Today, 47% of the state’s adult residents were born elsewhere, and more than 650,000 are immigrants—some highly educated and working in the state’s knowledge economy, but the majority being recent arrivals from Latin America. Tobacco farming, textiles and furniture manufacturing have receded as economic engines, displaced by financial services and high-tech industry. The state’s mill towns are shrinking as the major cities are expanding, including Charlotte and the so-called Research Triangle area encompassing Raleigh, Durham and Chapel Hill.

These demographic trends were evident in Tuesday’s election. The anti-gay-marriage amendment carried 93 of the state’s 100 counties, and Charlotte and the Research Triangle accounted for five of the seven exceptions. In Chapel Hill—the town that the late conservative Jesse Helms allegedly proposed encircling with a fence to substitute for a state-subsidized zoo—some precincts voted against the amendment by almost 10 to 1.

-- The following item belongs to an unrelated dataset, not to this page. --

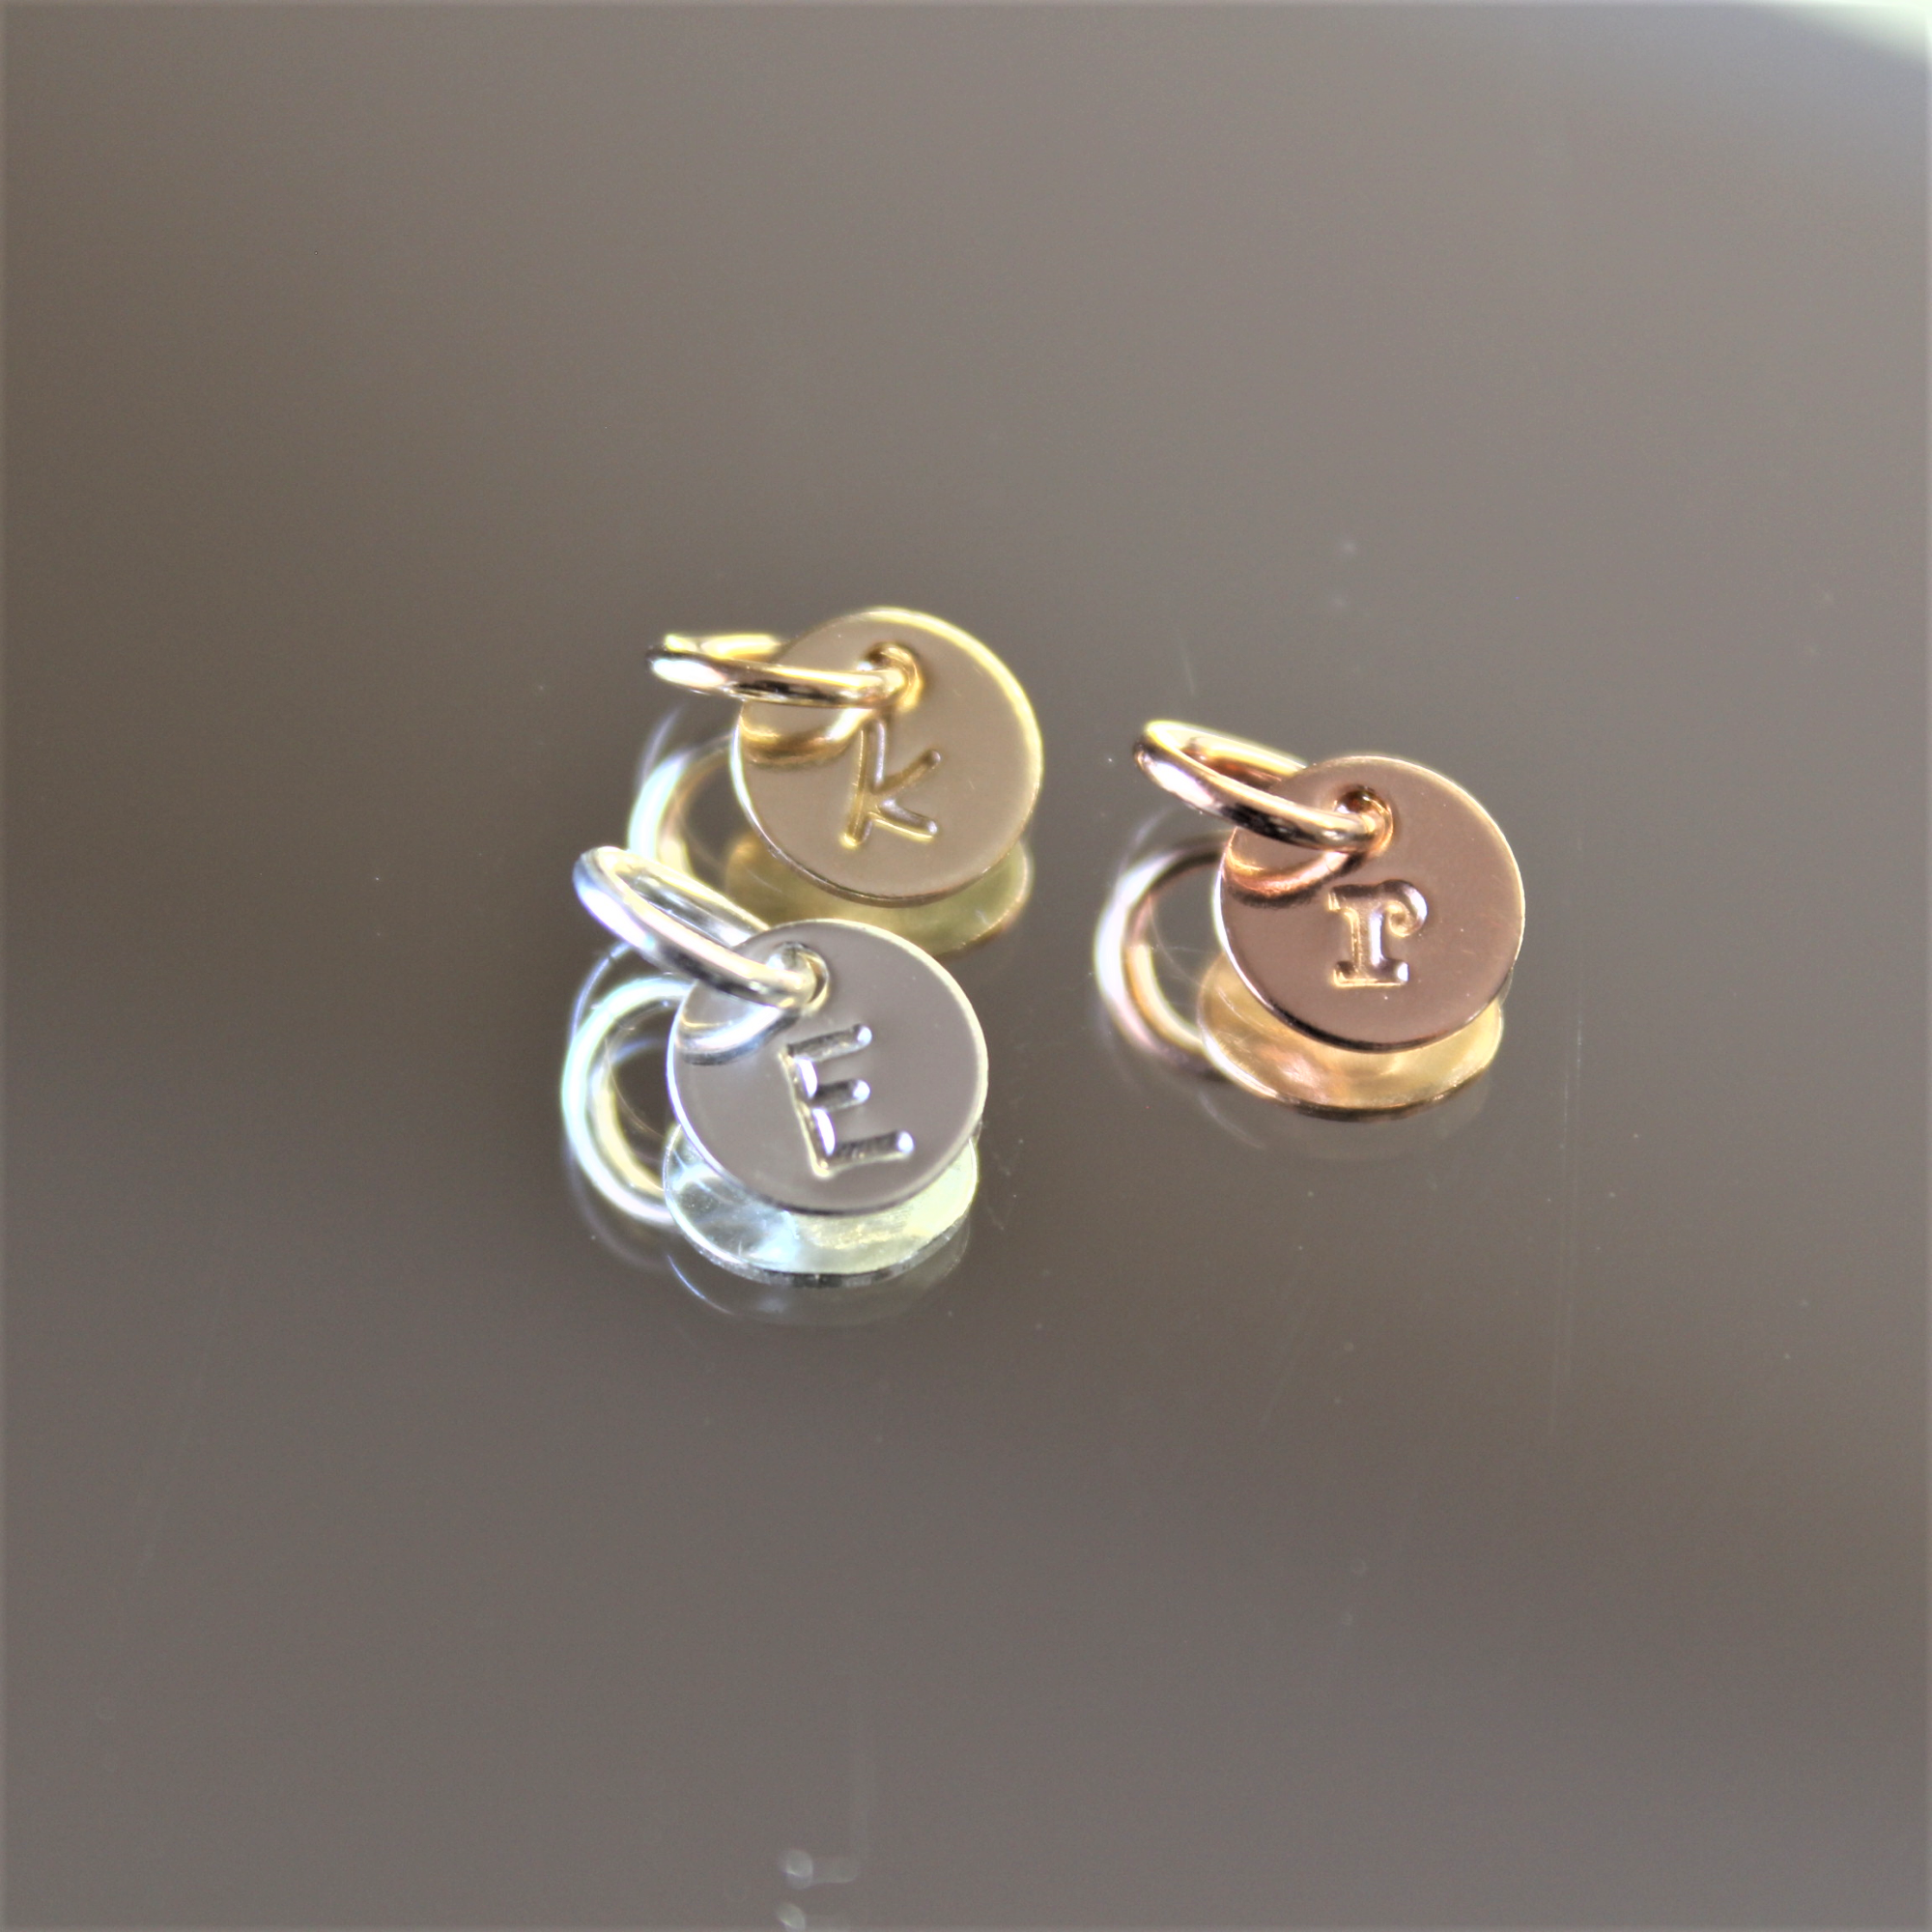 Tiny round initial charm - 1/4" (6.4mm)

The “Jesse Helms memorial fence” might soon need to encircle communities beyond Charlotte and the Research Triangle. Voters in the counties surrounding Asheville and Boone, two university towns in the Blue Ridge mountains, narrowly opposed the amendment. And the amendment passed only narrowly in counties dominated by two other growing cities, Greensboro and Wilmington.

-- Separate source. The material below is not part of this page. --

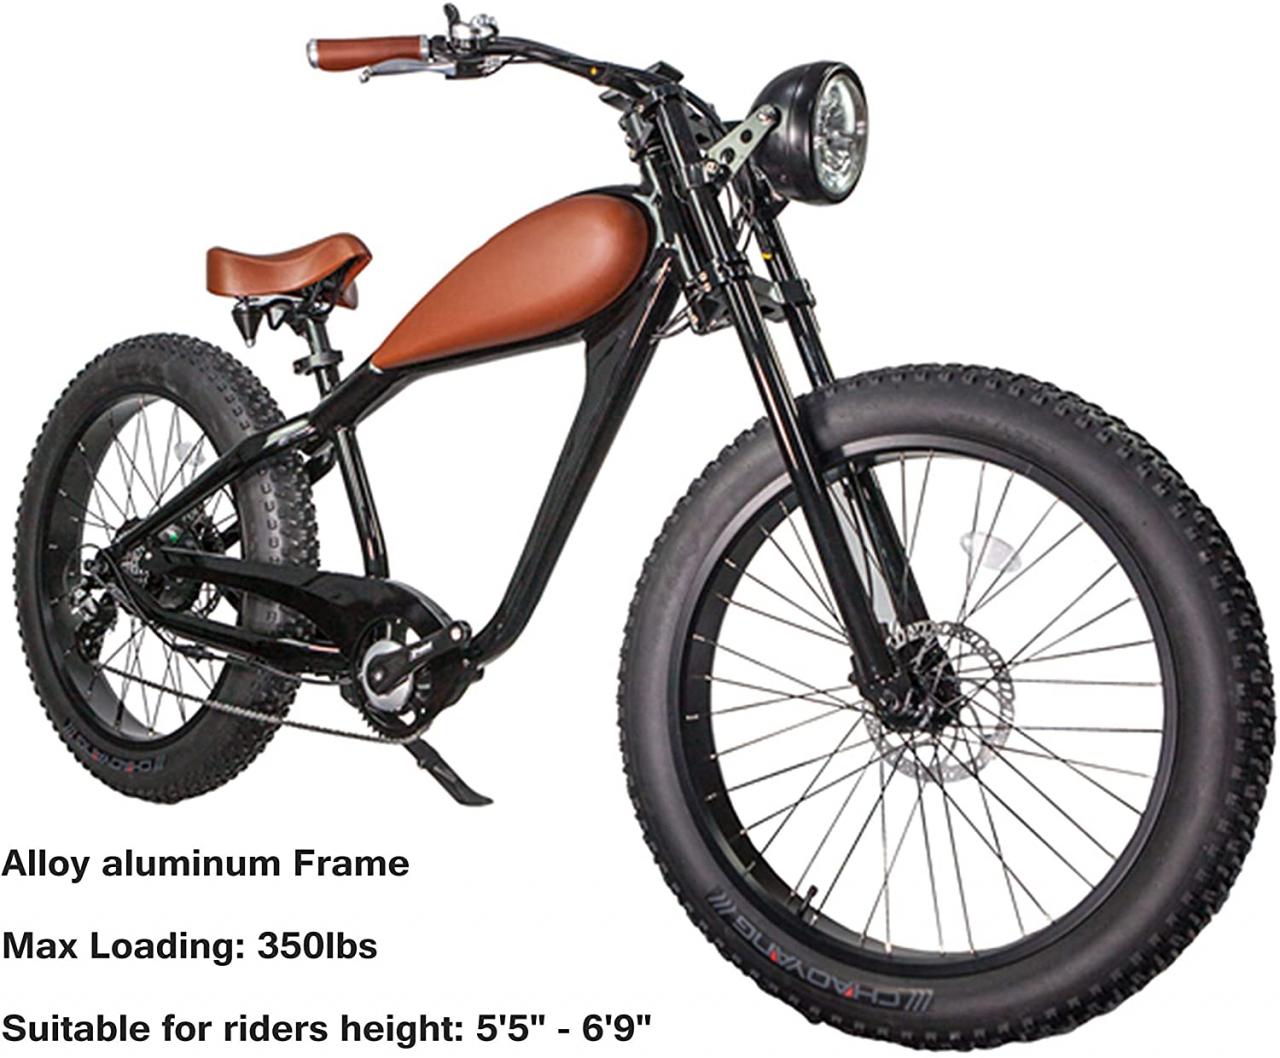 CIVI BIKES Vintage Electric Bike Fat Tire Sport Bicycle 750W café Racer  7-Speed Gear 48V 13AH Battery with Max Speed to 28 MPH - Night Black :  Amazon.co.uk: Sports & Outdoors

This helps explain why the Republican speaker of the House, Thom Tillis, predicted in March that although the constitutional amendment would pass this year, it would be repealed within 20 years thanks to “generational” shifts.

There are other factors at play, too. Black voters, for example—key components of the Democratic coalition four years ago—revealed their socially conservative streak in the amendment vote. Voters in Halifax County, a majority-black rural area in the state’s northeast, supported Mr. Obama by a 2-to-1 ratio in 2008, but this week they supported the gay marriage ban by a similar ratio.

Then there’s the state’s business community, which included some prominent foes of the ban. In a two-minute YouTube video prepared for an anti-amendment group, Catherine Bessant, an executive at Charlotte-based Bank of America, referred to the proposed ban as “a direct challenge to our ability to compete nationally for jobs and economic growth.”

Perhaps because of such sensitivities, the Republican nominee for governor, former Charlotte Mayor Pat McCrory, expressed only token support for the amendment—telling the Charlotte Observer, “I’m in favor of it, and that’s all I’m commenting on because I’m concentrating on other issues.” With a state unemployment rate near 10%, exceeding the national average for more than four years, it isn’t hard to imagine what those other issues might be.

Tuesday’s vote shows that the economic doldrums haven’t dulled North Carolinians’ attention to social issues. More than anything else, though, the gay marriage vote reveals that the state’s voters can be united or divided along numerous lines. Come November, North Carolina’s electoral votes will go to the candidate who can best exploit these fault lines to his advantage.

Mr. Vigdor is a professor of public policy and economics at Duke University.